Oakley y la violencia, siempre de la mano

Oakley y la violencia, siempre de la mano

El más grande de todos. Oakley saltó a la fama oficiando como guardaespaldas dentro de la cancha para Michael Jordan en los Bulls ochentosos. De hecho, su trade a New York por Bill Cartwright fue la principal razón de que MJ odiara a la dirigencia de Chicago, a Bill y de paso a Horace Grant, quien ocuparía el puesto de ala pivot titular que pertenecía a Oak.

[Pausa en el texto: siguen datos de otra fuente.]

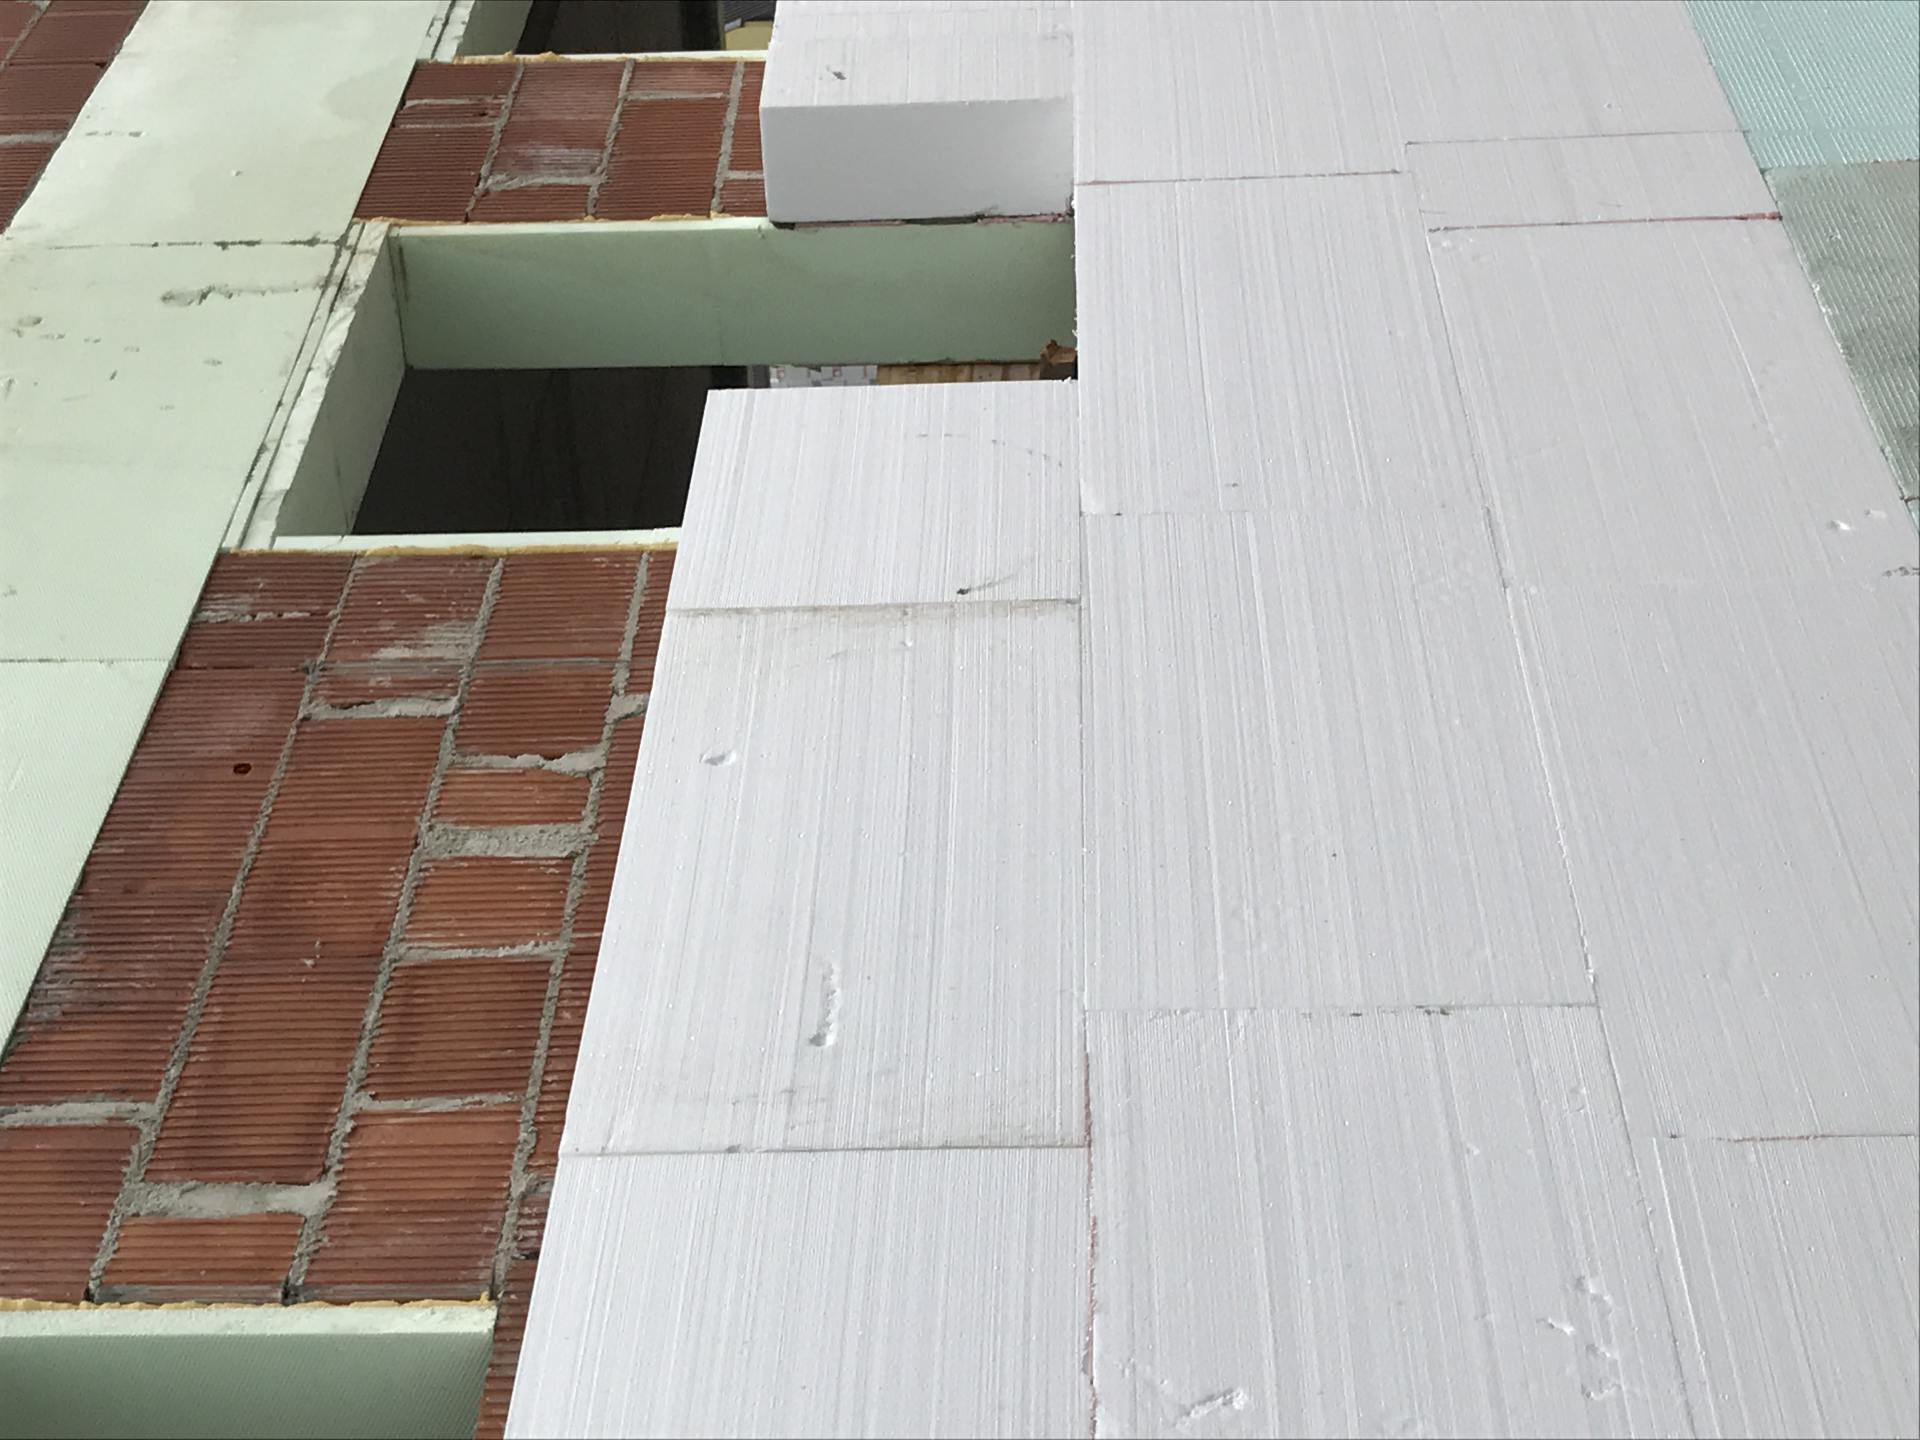 Spekter In d.o.o. - Svetovanje in inženiring, novogradnje, gradbena in fasaderska dela, urejanje okolice, sanacija obstoječih objektov IMG_0889

Oakley no solamente no le tenía miedo a nadie. Ningún otro jugador inspiró tanto temor a tipos que parecían no ser capaces de sentirlo. Hablamos del tipo que sopapeó a Sir Charles Barkley. Su presencia misma fue la que ofició de piedra basal para construir en New York unos Bad Boys 2.0 con Pat Riley como entrenador (en los que, por cierto, coincidieron tres miembros de esta lista: Oak, McDaniels y Mason). Durante casi dos décadas se paseó por distintos equipos dedicándose, básicamente, a defender a los suyos y atacar a extraños con una furia estremecedora. Y era tan bueno en lo suyo, que luego de retirarse, pasó a formar parte del entourage fijo de Michael Jordan… para ejercer como enforcer suyo en la vida fuera de una cancha de básquet. ¿Se puede ser tan bueno en algo?